Node.js - Web Crawling
Crawling
Use request
or http
to get the raw html.
Request
var request = require('request');
var url = 'http://foo.com';
// plain text
request(url, function (err, res, body) {
}
// gzip
request({url: url, gzip: true}, function (err, res, body) {
}
http
var http = require('http');
http.request({
host: 'search.twitter.com',
path: '/search.json?' + qs.stringify({ q: search })
}, function (res) {}
If plain text
http.get(url, function (res) {
var buffer = [];
res
.on('data', function (data) {
buffer.push(data);
})
.on('end', function () {
parsePage(buffer.join(''));
});
});
If gziped
var zlib = require('zlib');
http.get(url, function (res) {
var buffer = [];
var gunzip = zlib.createGunzip();
res.pipe(gunzip);
gunzip
.on('data', function (data) {
buffer.push(data);
})
.on('end', function () {
parsePage(buffer.join(''));
});
});
Parsing
Use cheerio
to parse html, after that everything works like jQuery.

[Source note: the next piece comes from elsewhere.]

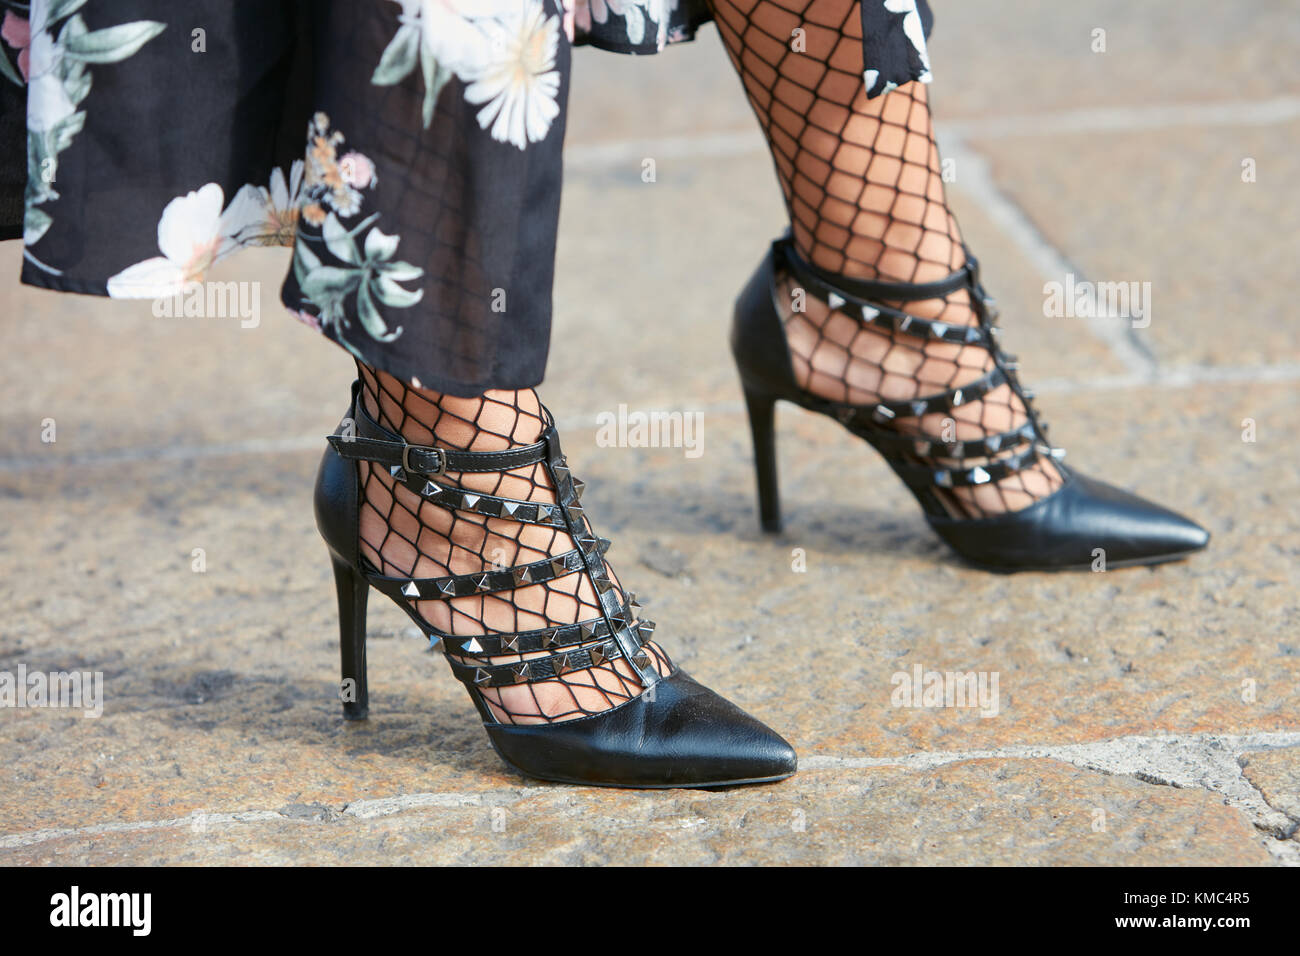 Milan - 23 septembre : femme avec des chaussures en cuir noir avec clous avant gabriele colangelo fashion show, Milan Fashion week street style sur s Banque D'Images

var cheerio = require('cheerio');
request(url, function (err, res, body) {
$ = cheerio.load(body);
//...
});
Each
$('table tr').each(function (i, row) {
console.log($(this).html());
});
To get a list of fields, and output the first column
$('table tr').each(function (i, row) {
var fields = $(this).find('td');
console.log($(fields[0]).text());
});